Global Change and Complex Systems

There is an increasing awareness that global change dynamics and the related socio-economic implications involve a degree of complexity which is not captured by traditional economic approaches that employ equilibrium models. In particular, such a top down analysis of the human-environment system doesn't consider the emergence of social behavioural patterns. This eventually leads to a flawed policy making process which relies on unrealistic assumptions (Moss et al., 2001). Yet, the ultimate source of anthropogenic climate change is the agency of human individuals grouped in social networks and their interaction. At the same time, the responses to climate change, in terms of mitigation of greenhouse gases emissions and in terms of adaptation to climatic variability and slow changes in mean conditions, have to be found in humans behaviour. In our global system where human activities prevail and endlessly modify the environment, climate change is providing the chance to concretely understand how the environment responds, suggesting a change in human behaviour, both at a local and global level. Climate change can no longer be addressed separately from a broader context of systemic sustainability and adaptation strategies.

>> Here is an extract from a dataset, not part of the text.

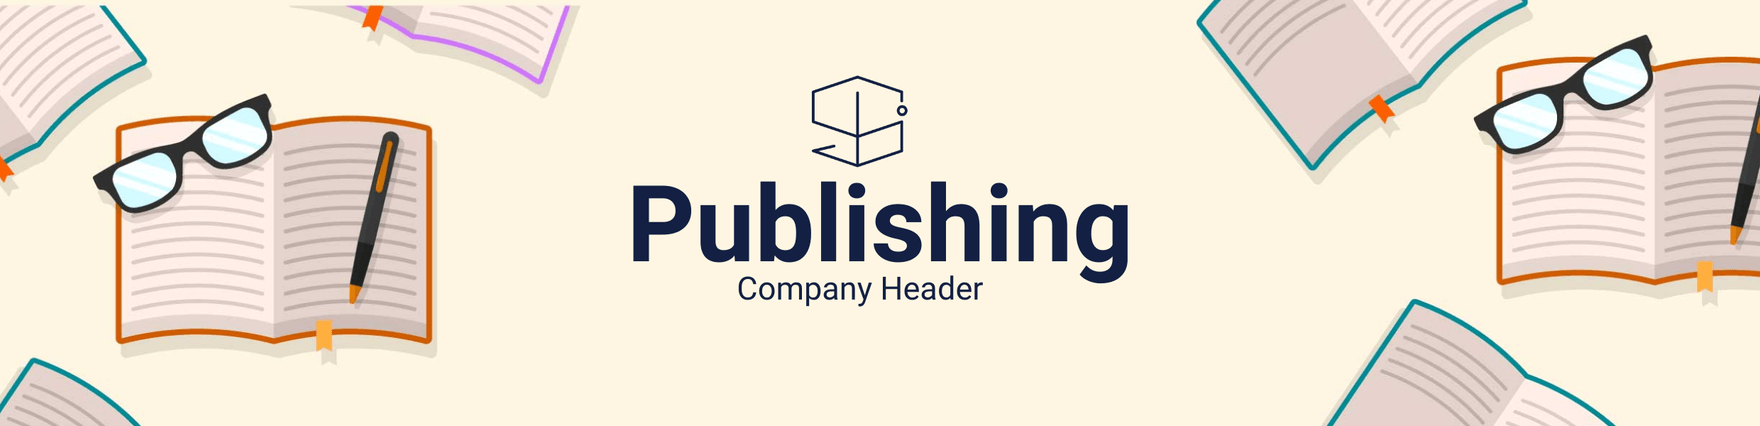 Publishing Company Header Template

The endogenous feedbacks between socio-economic and biophysical processes and the co-evolution of the human-environment system are precisely those kind of dynamics included in the notion of social-ecological systems, or socio-ecosystems (SESs). SESs are complex and adaptive systems (CASs) where social (human) and ecological (biophysical) agents are interacting at multiple temporal and spatial scales (Rammel et al., 2007).

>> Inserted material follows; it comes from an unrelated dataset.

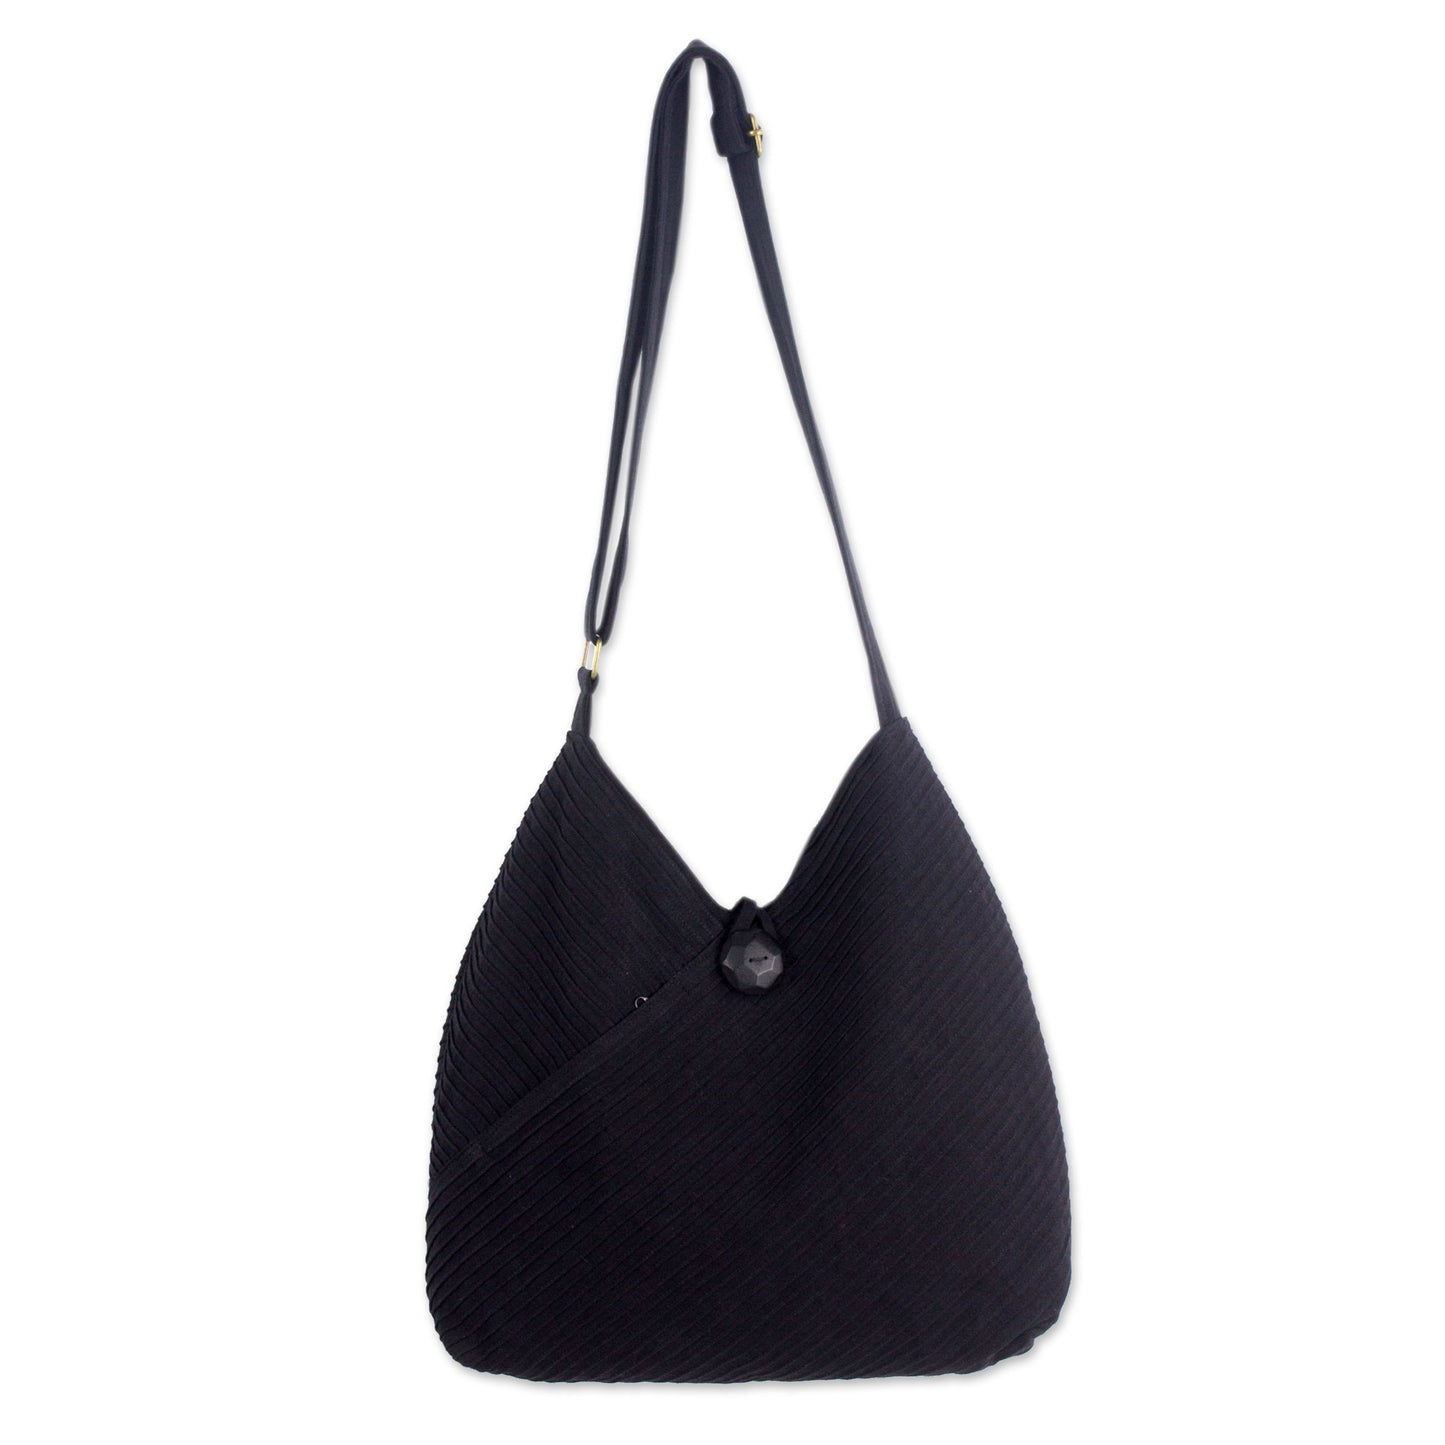 Surreal Black Handcrafted Cotton Hobo Bag

CASs are dynamic networks of many agents acting in parallel, constantly acting and reacting to the behaviour of other agents. The control of a CAS tend to be highly dispersed and decentralized. If there is to be any coherent behaviour in the system, it has to arise from competition and cooperation among the agents themselves. The overall behaviour of the system is the result of a large number of decisions made every moment by many individual agents (Waldrop, 1992). CASs display an ever changing dynamic equilibrium, which fluctuates between chaotic and ordered states. On the edge of chaos, these systems are very sensitive to any perturbation from the individual components (Holland, 1992). CASs are inherently unpredictable as a whole: “their futures are not determined and their global behaviours emerge from their local interactions in complex, historically contingent and unpredictable ways” (Bradbury, 2002). Since the study of CASs is an attempt to better understand systems which are difficult to grasp analytically, often the best available way to investigate them is through computer simulations (Gilbert & Troitzsch, 1999).

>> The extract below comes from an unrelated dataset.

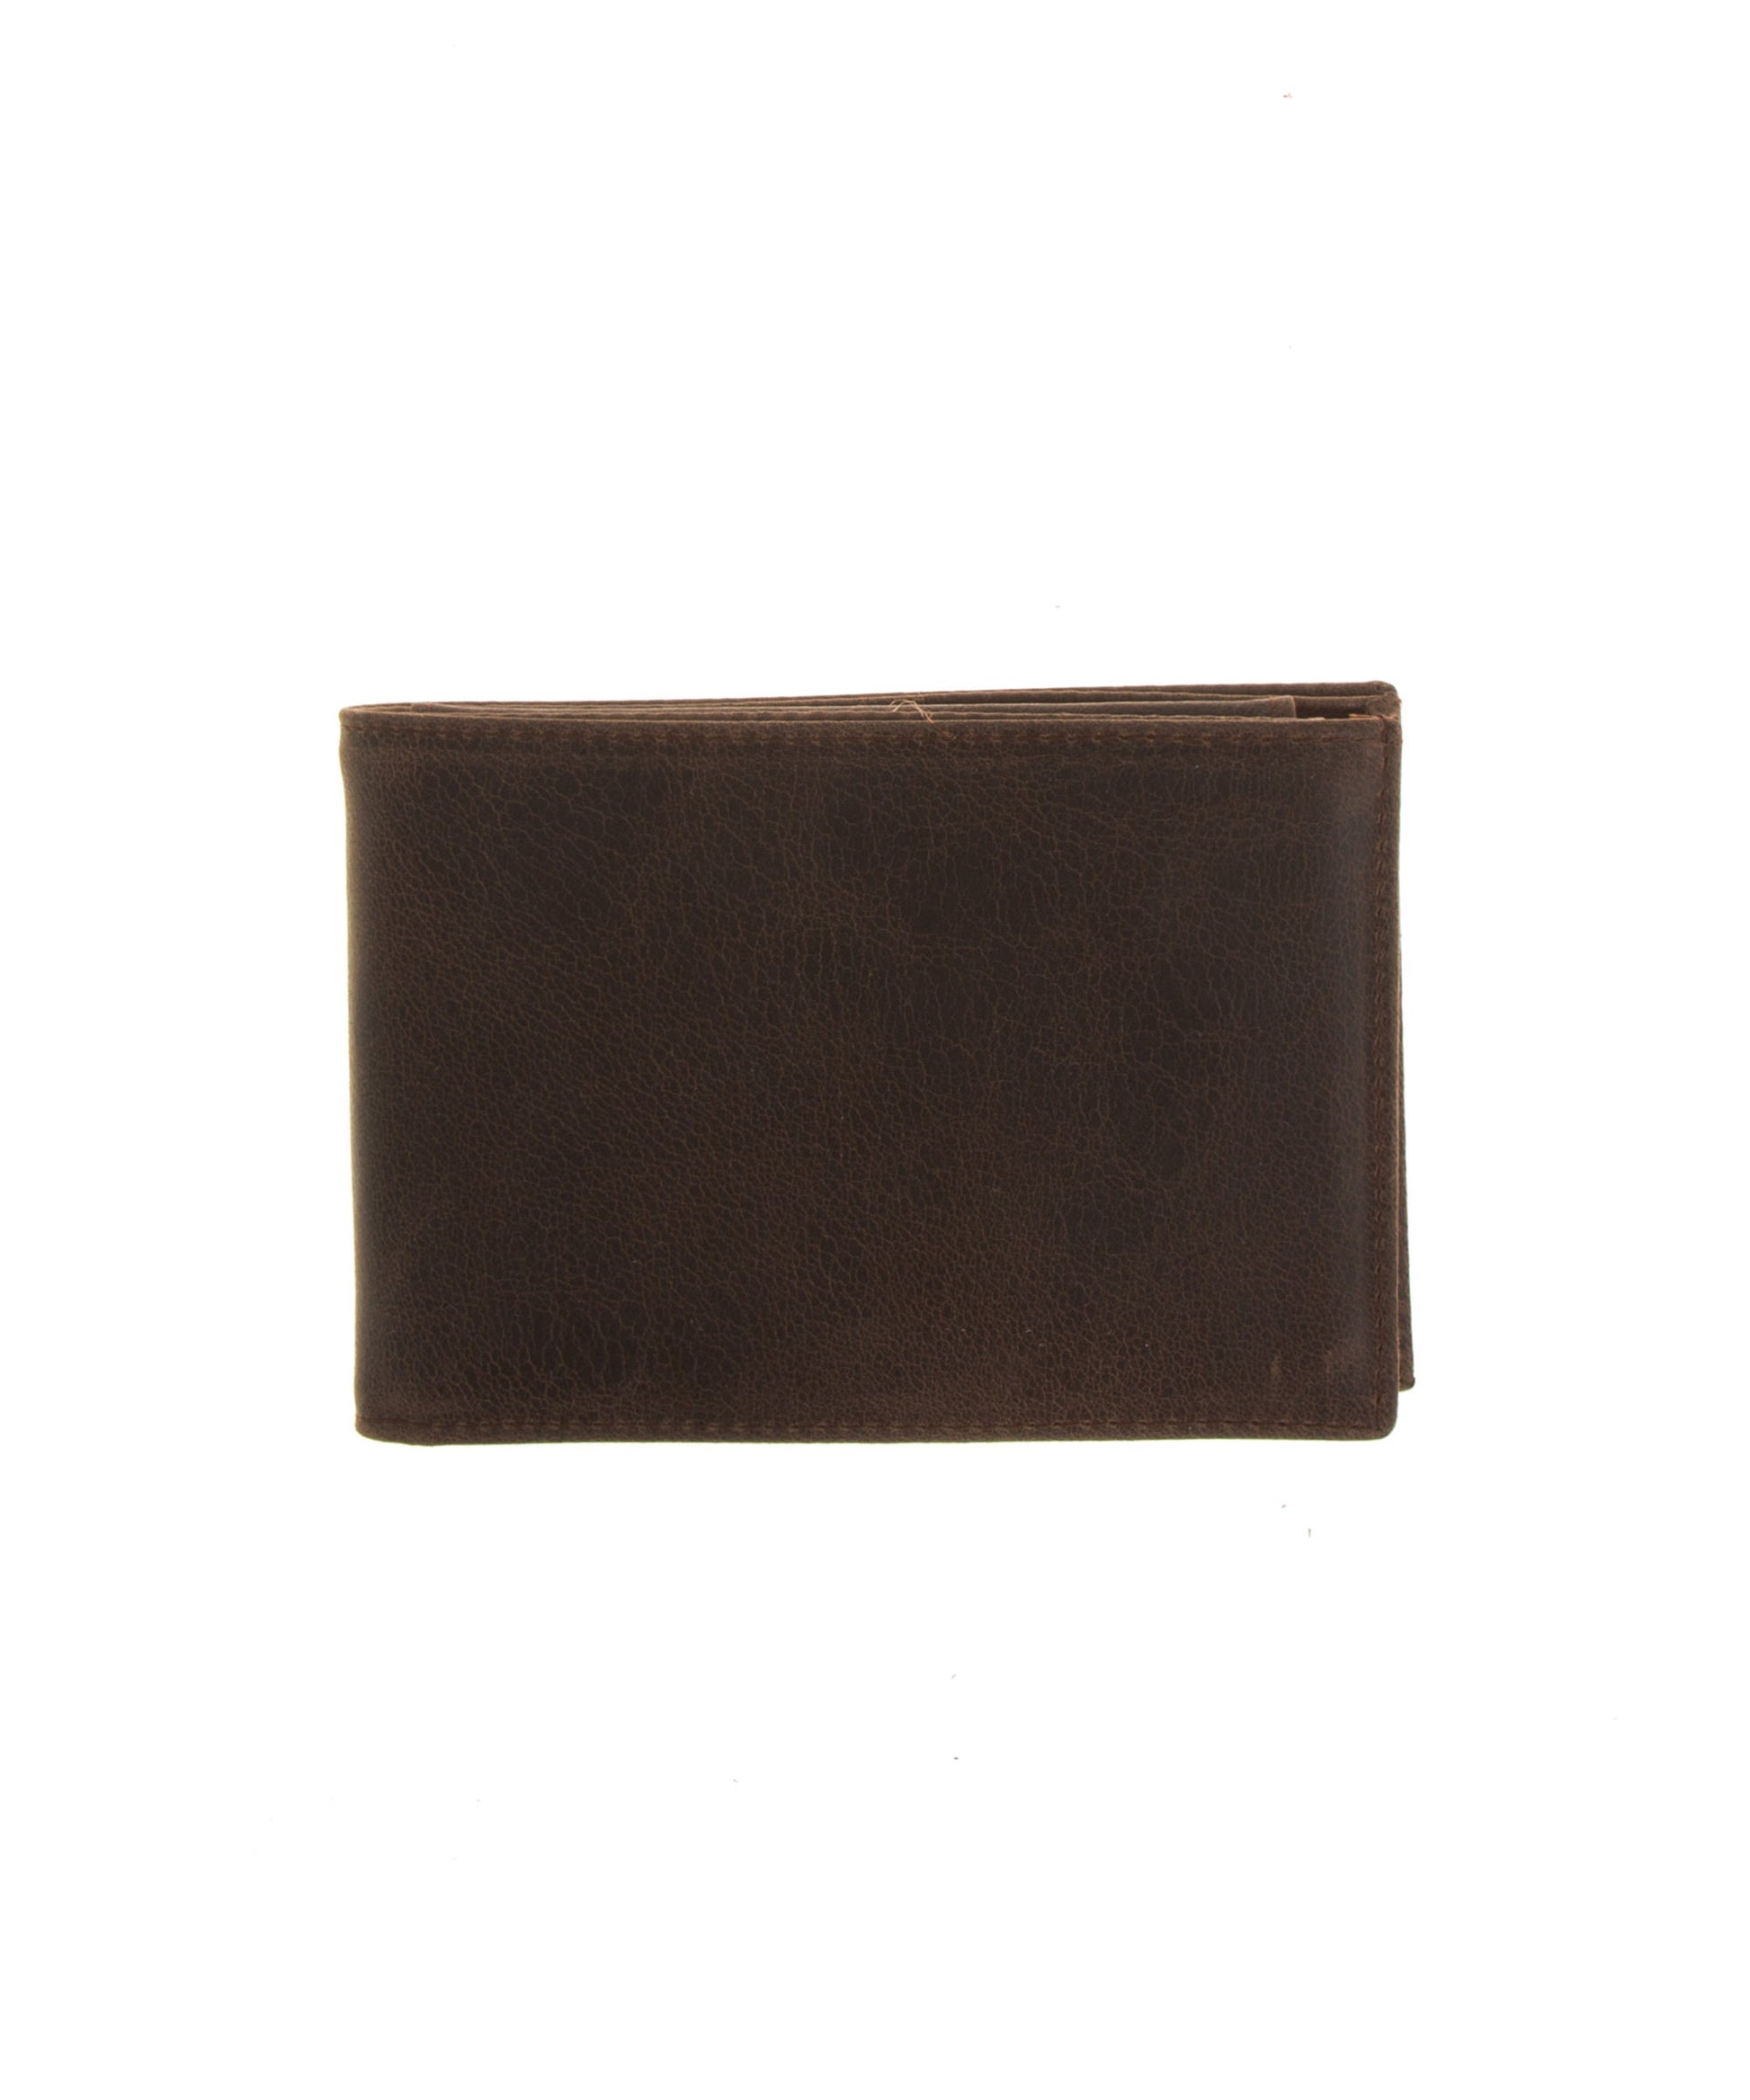 Black leather men's wallet, Minimalist genuine leather wallet, Full grain leather handmade wallet for men, Men's leather accessories

Introducing Agent-Based Thinking

Past research on computer science (e.g. Wooldridge & Jennings, 1995; Ferber, 1999; Huhns & Stephens, 1999; Weiss, 1999) has shown how CASs can be represented by means of multi-agent systems (MASs). MASs is a concept derived from distributed artificial intelligence (DAI), which firstly used it in order to reproduce the knowledge and reasoning of several heterogeneous agents that need to coordinate to jointly solve planning problems. Typically MAS refers to software agents and is implemented in computer simulations.

Pure MASs, as conceived in DAI, are not fully relevant for modelling SESs, which are real systems based on the law of physics and on human social interactions. However, including the fundamental contribution of past research on artificial life (AL) (e.g. Reynolds, 1987, Holland, 1992, Langton, 1992), individual-based modelling (IBM) (e.g. Huston, et al. 1988, Grimm, 1999), and social simulations (e.g. Schelling 1978; Axelrod & Hamilton, 1981; Epstein & Axtell, 1996), we are provided with a very promising framework for the innovative modelling of combined SESs and policy-making in the context of sustainable development (Boulanger & Bréchet, 2005).